The United States and India will study the possibility of a joint missile defense system, US Defense Secretary Robert Gates said yesterday, stressing talks were only in their early stages.
"We're just beginning to talk about perhaps conducting a joint analysis about what India's needs would be in the realm of missile defense and where cooperation between us might help advance that," Gates told reporters.
Until now, India's policy has been to develop its missile shield domestically, closing a potential multibillion-dollar market to American manufacturers Boeing Co, Lockheed Martin Corp, Raytheon Co and Northrop Grumman Corp - the biggest players in the emerging ground, air, sea and space based US missile defense system.
But this may be changing in line with a breakthrough Indian decision to buy Lockheed's C-130J military transport aircraft earlier this year, US defence officials said.
Gates, in New Delhi to strengthen Washington's strategic ties and make a sales pitch for US arms manufacturers, said the Pentagon wanted to build a relationship focused on long-term cooperation with India, noting it was independent of the current impasse over a controversial civil-nuclear deal sought by Washington.
"We're not looking for quick results or big leaps forward," Gates told reporters.

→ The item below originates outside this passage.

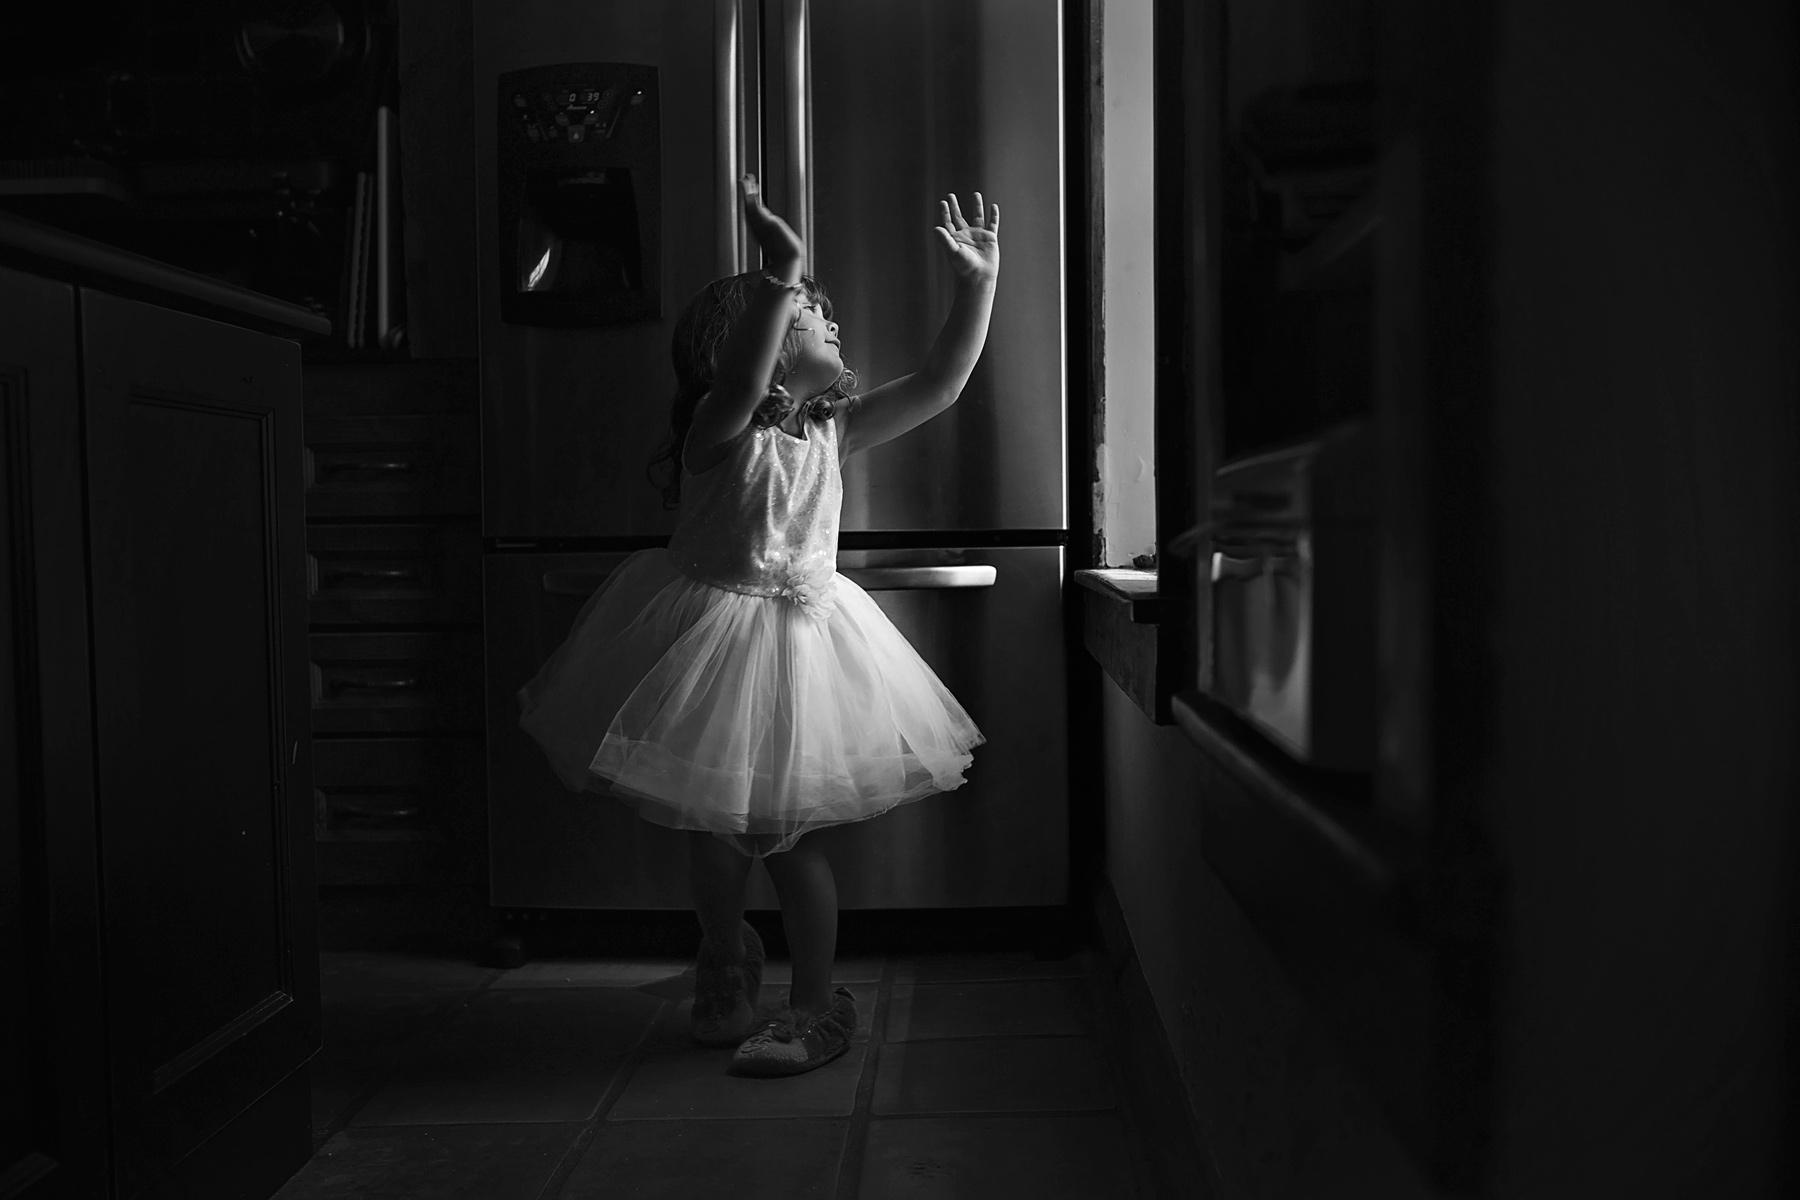 little girl dances in ballerina dress in the kitchen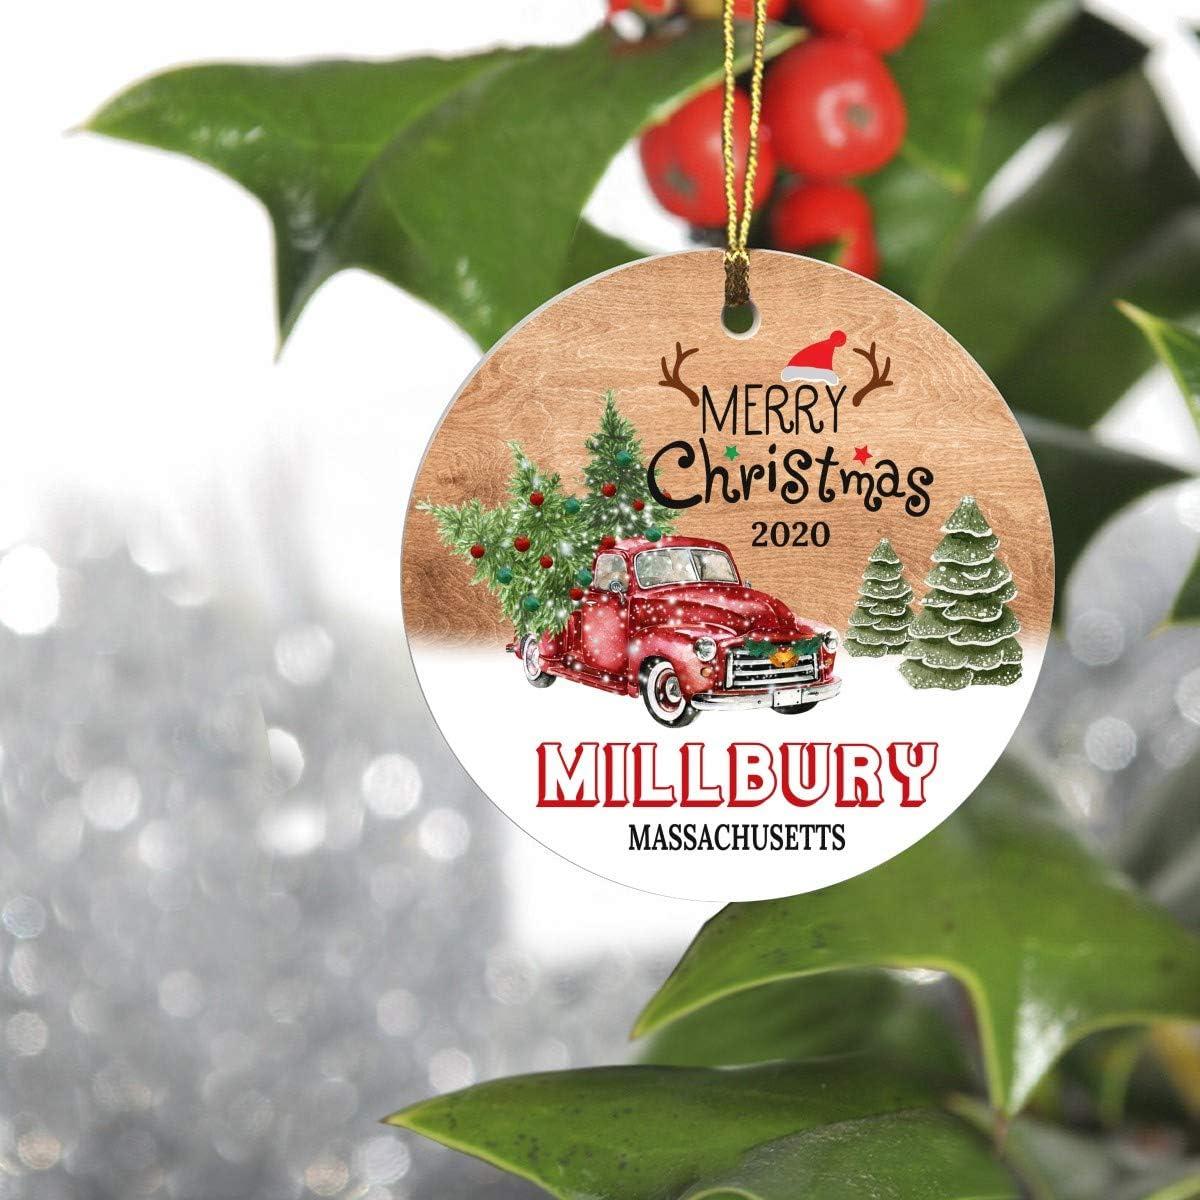 Merry Christmas Tree Decorations Ornaments 2020 - Ornament Hometown Millbury Massachusetts MA State - Keepsake Gift Ideas Ornament 3

"But rather a steady expansion of this relationship in a way that leaves everybody comfortable that we're not moving too fast and that works in terms of Indian domestic politics and also works for us."
The large focus of Gates' meetings with Indian leadership was on arms procurement and India's plan to buy 126 multi-role combat fighter jets, a deal worth potentially $10.6 billion.
Lockheed and Boeing are competing for the deal along with Russia's MiG-35, France's Dassault Rafale, Sweden's Saab KAS-39 Gripen and the Eurofighter Typhoon, made by a consortium of British, German, Italian and Spanish companies.
The fighter contest follows India's purchase of six C-130J military transport aircraft from Lockheed worth about $1 billion, a deal that marked a major shift in weapons-buying policy by India, which has relied heavily on Russian arms and transport aircraft.
"I expressed our pleasure obviously with the purchase by India of the six C-130Js. There are some other deals in the works," Gates said, without offering details.
"I indicated that we obviously are interested and believe that we are very competitive in the selection of the new fighter," he said.
"We asked no special treatment. We simply are pleased to have a place at the table and we believe that in a fair competition we have a very good case to make."